On the way I pondered what he was hiding from his wife. Knowing him,
it was nothing unsavory, but he clearly could not bear her chagrin.
That meant he'd probably done something silly and his best hope was to
present it as a problem solved. As I traversed his yard, he greeted me
with a bottle, which I opened and drank from as he did the same with

"What are we looking at here?" I asked.

"We're looking at my tractor, and it's stuck."

"I can see that. Please expand on 'stuck'."

The tractor was teetering, one rear wheel slightly airborne, on
something substantial but hidden beneath the mower deck. The deck
itself appeared to have suffered damage, the extent of which I could
not fully determine because the tractor's far side was obscured by
thick, tall ornamental grass that bordered the clearing.

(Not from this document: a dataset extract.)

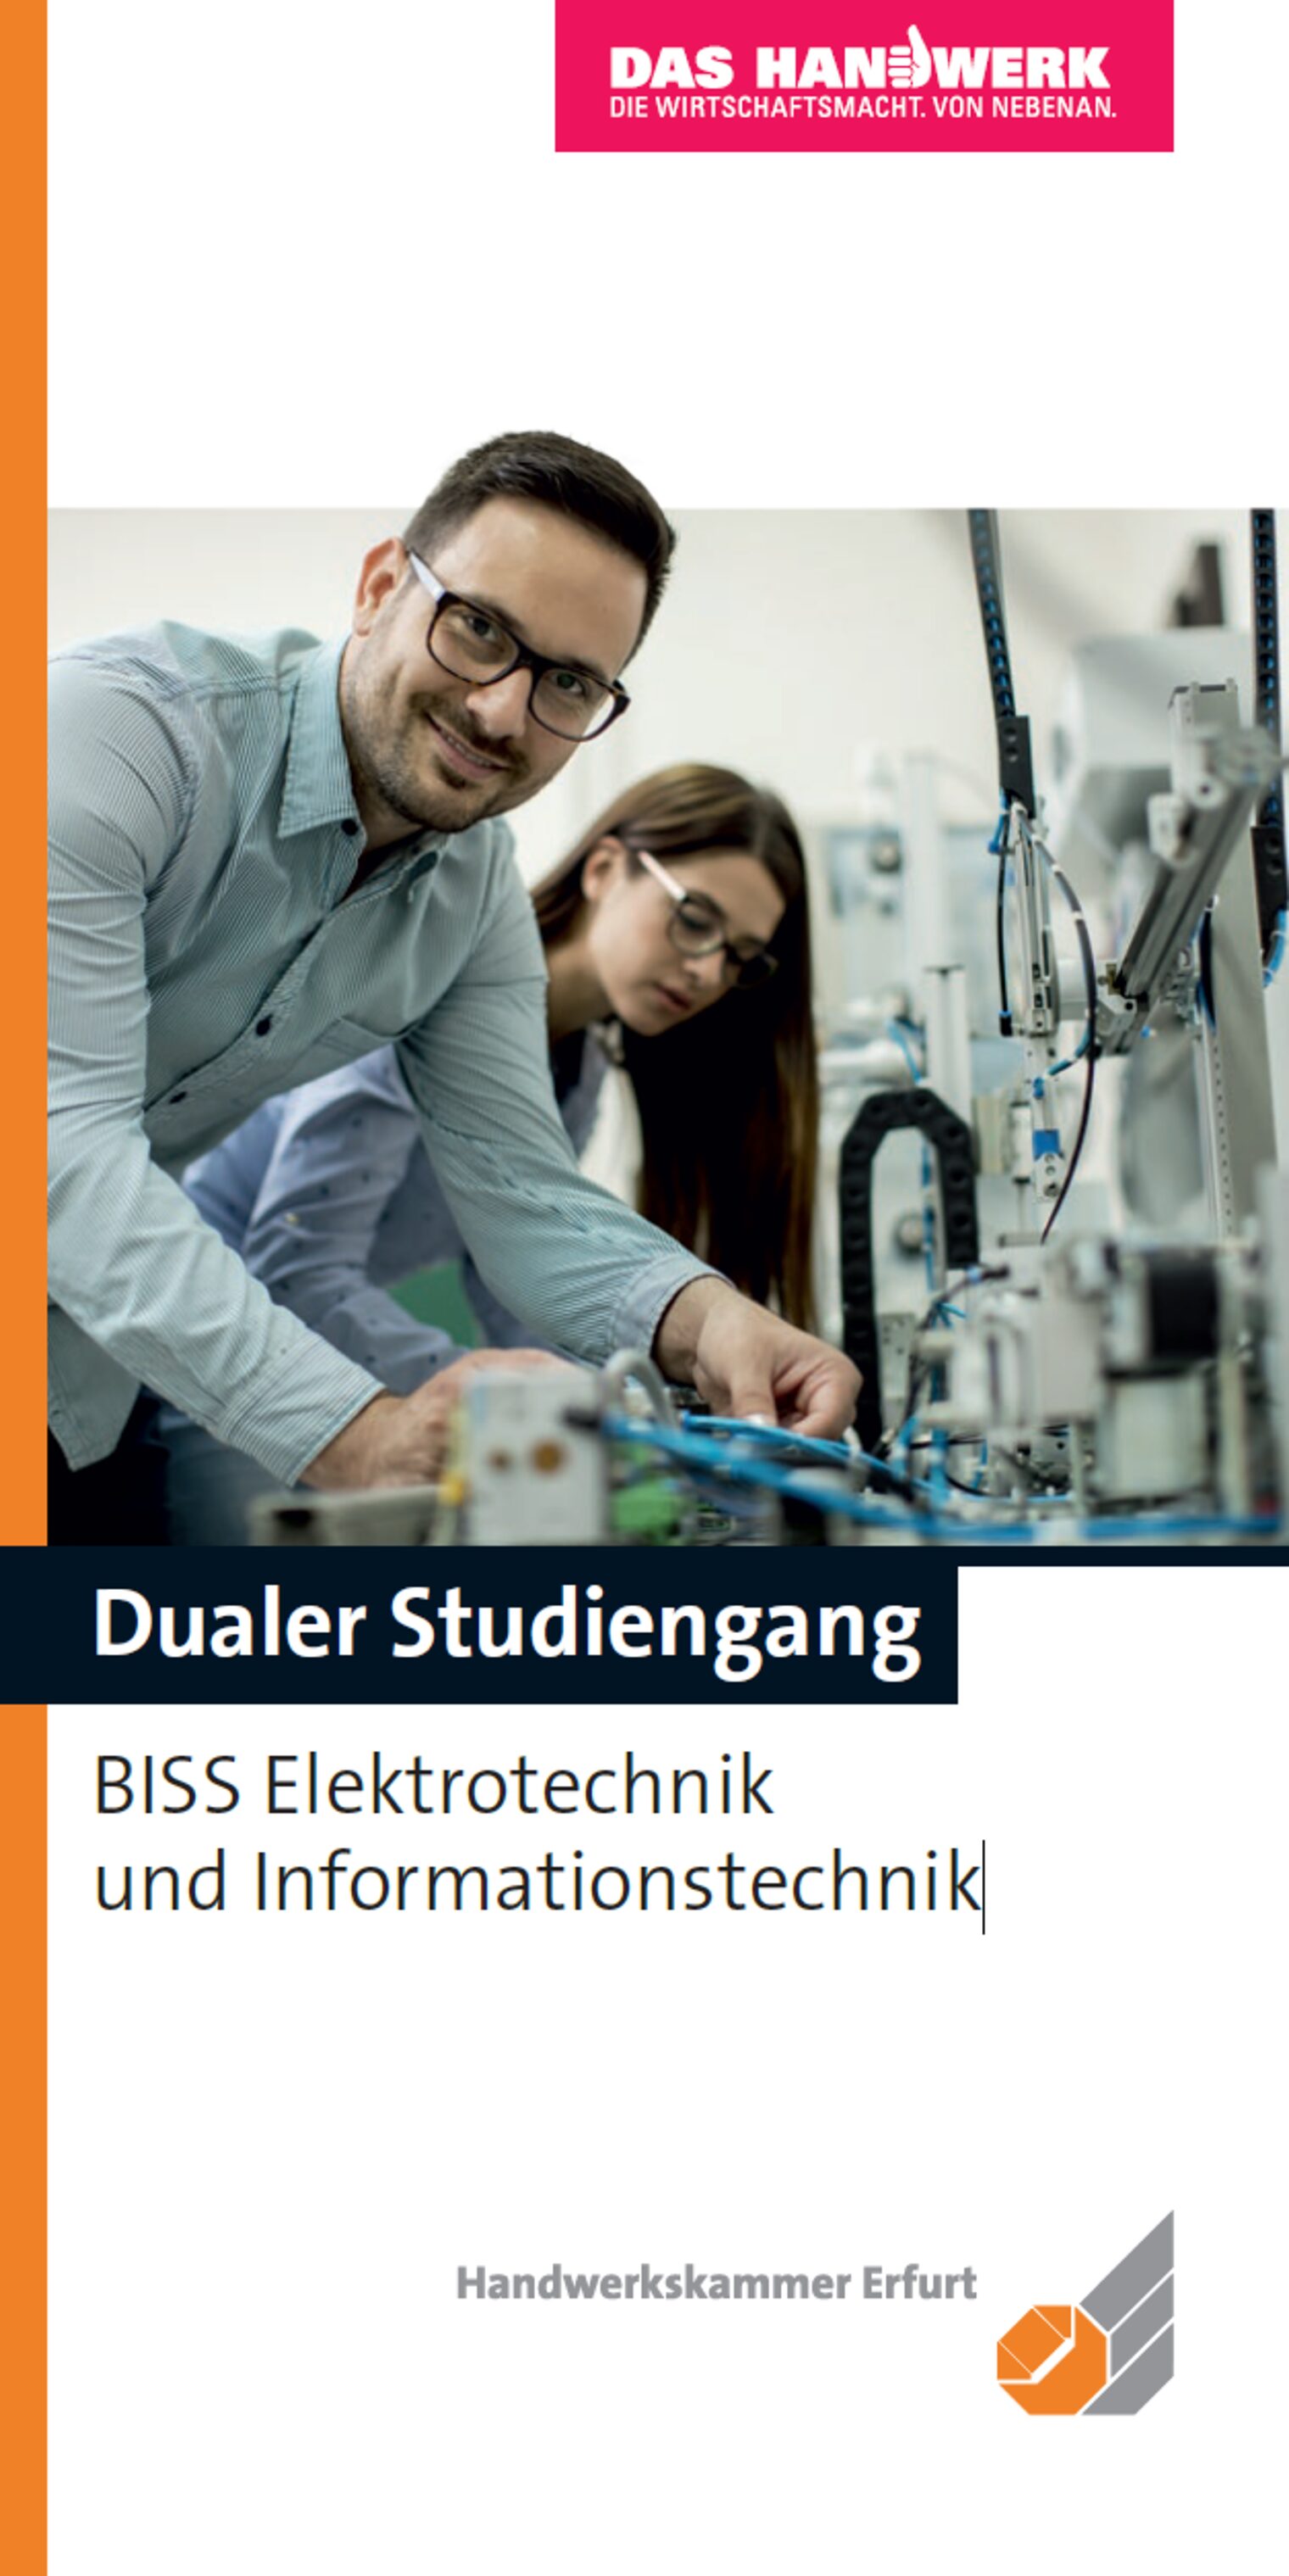 Dualer Studiengang BISS Elektrotechnik und Informationstechnik

"It's on a stump," said Stilton.

"And the blades are stuck in said stump?"

"Would that that were all there was to it."

"So, what's the plan?"

"First, you drink up; you'll need another soon enough. Then, I figure
we detach the deck -- I've already pulled the linchpins -- and we
wrangle the tractor off of it. After that, I don't know."

"How about, we'll dig the roots out, flip it all over, deck and stump
together, then work the stump out of the blades?"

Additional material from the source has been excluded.